Once the line containing "Snakeskin Print In" is reached, copy it and every line after it exactly, to the end of the material, without pictures.

**Given information**:
+---+

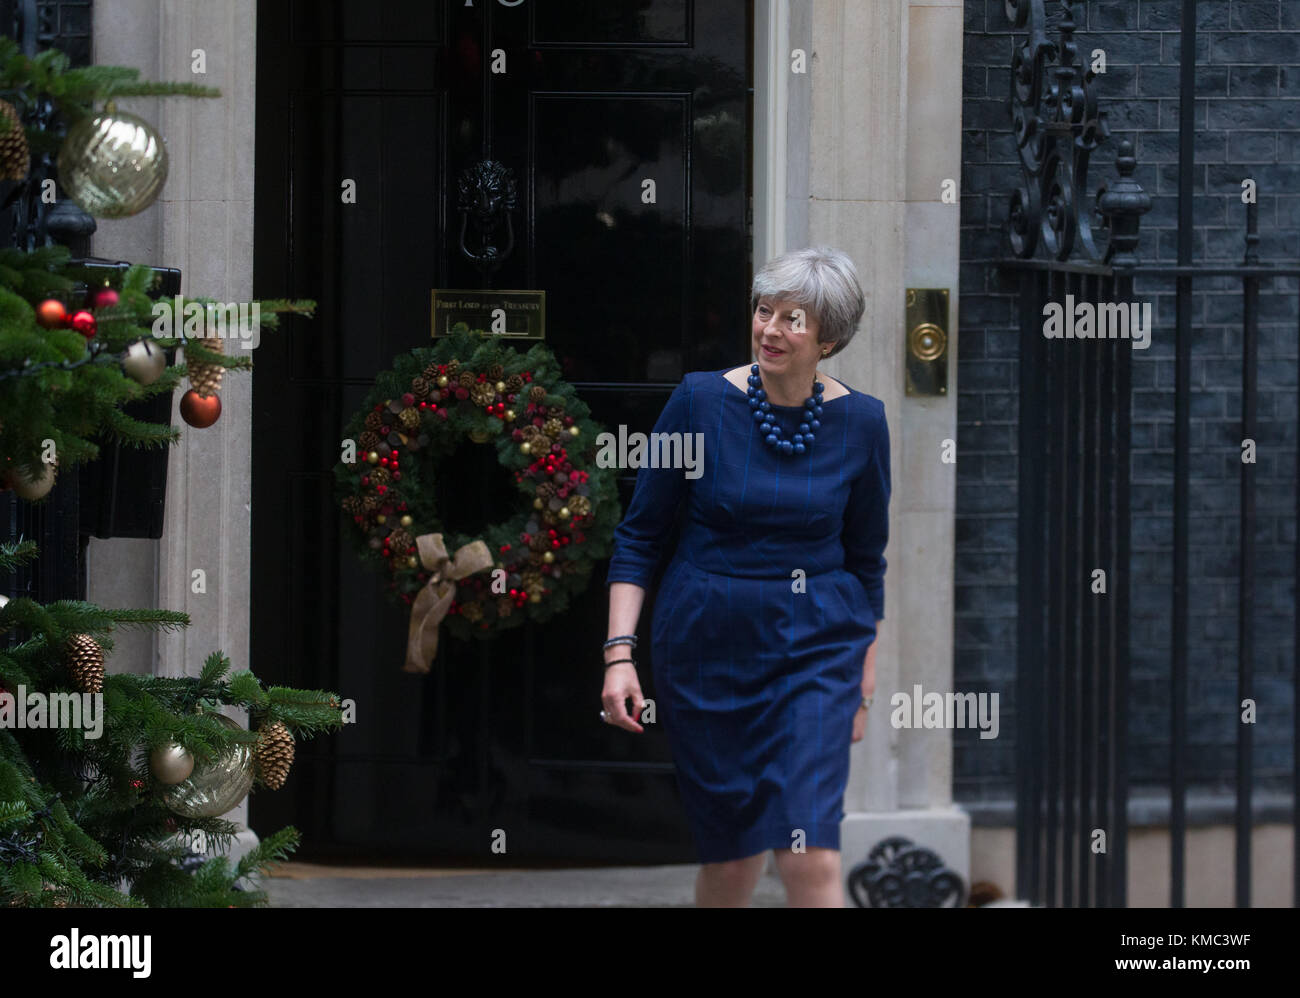 British Prime Minister, Theresa May, leaves 10 Downing Street to meet Mariano Rajoy, Prime Minister of Spain for talks at 10 Downing Street Stock Photo
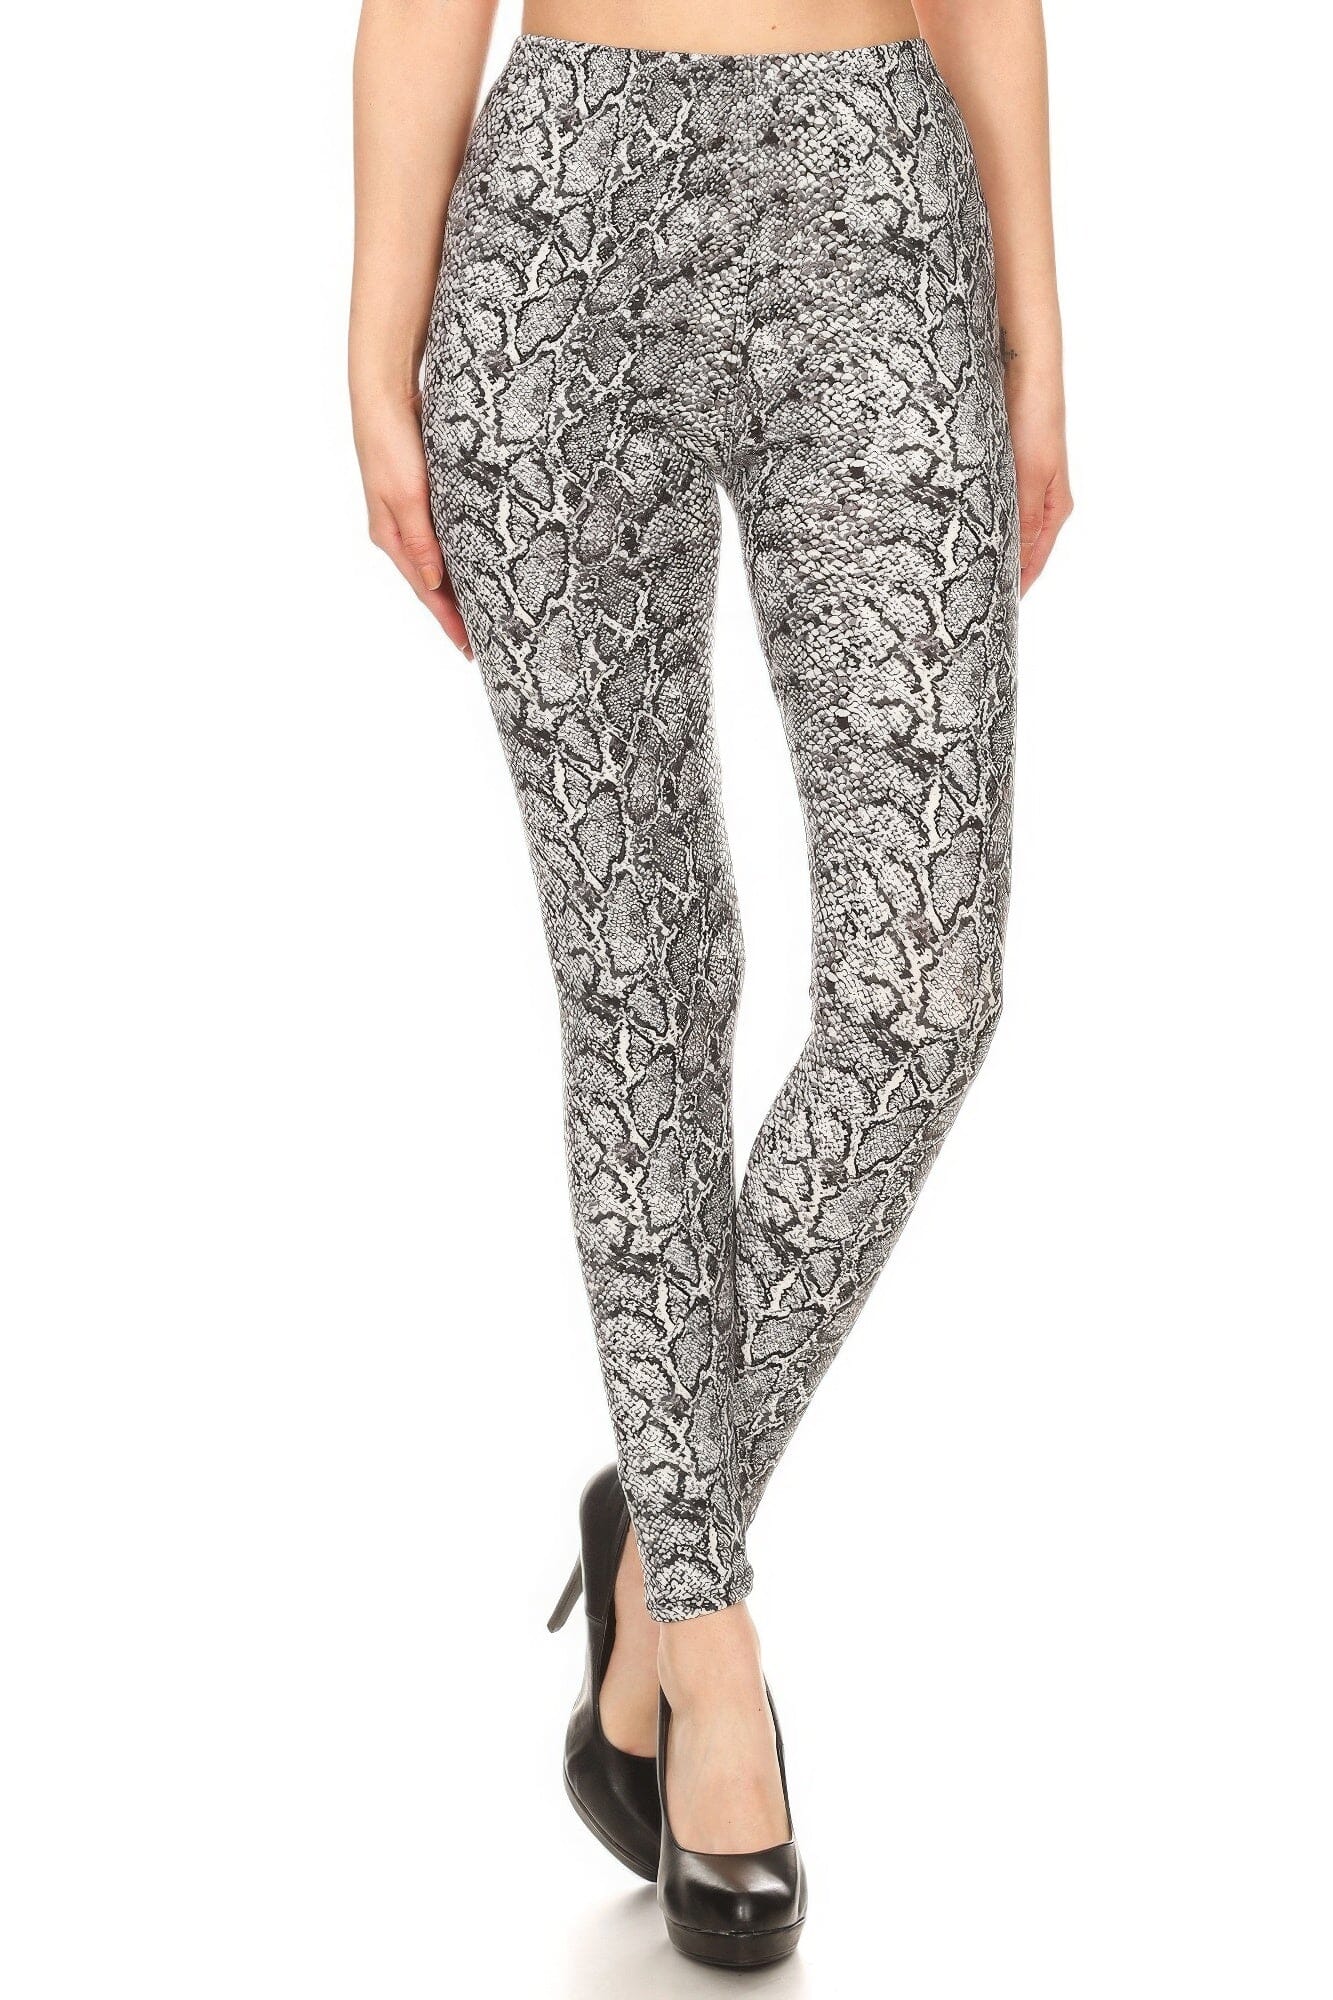 Snakeskin Print In A Fitted Style With An Elastic Waistband Full Length High Waisted Leggings Pants jehouze 
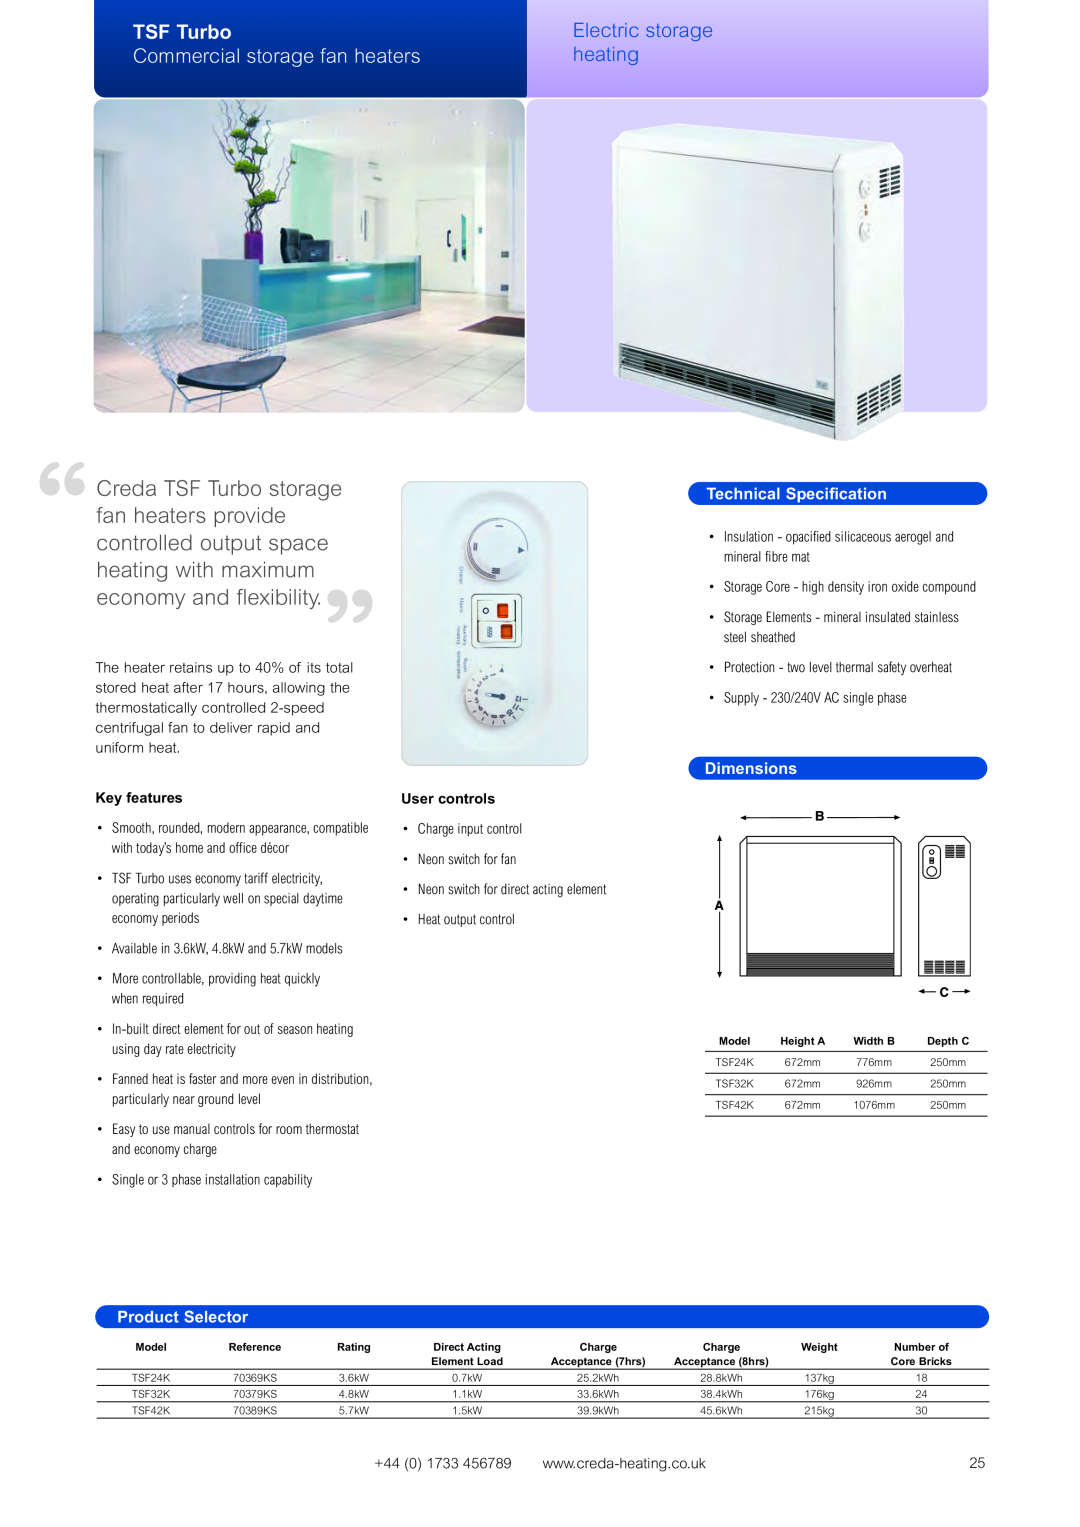 Creda Heating Solution manual TSF Turbo, Commercial storage fan heaters, Electric storage heating, Technical Specification

+---+

**Result**:
 Snakeskin Print In A Fitted Style With An Elastic Waistband Full Length High Waisted Leggings Pants jehouze 
 Creda Heating Solution manual TSF Turbo, Commercial storage fan heaters, Electric storage heating, Technical Specification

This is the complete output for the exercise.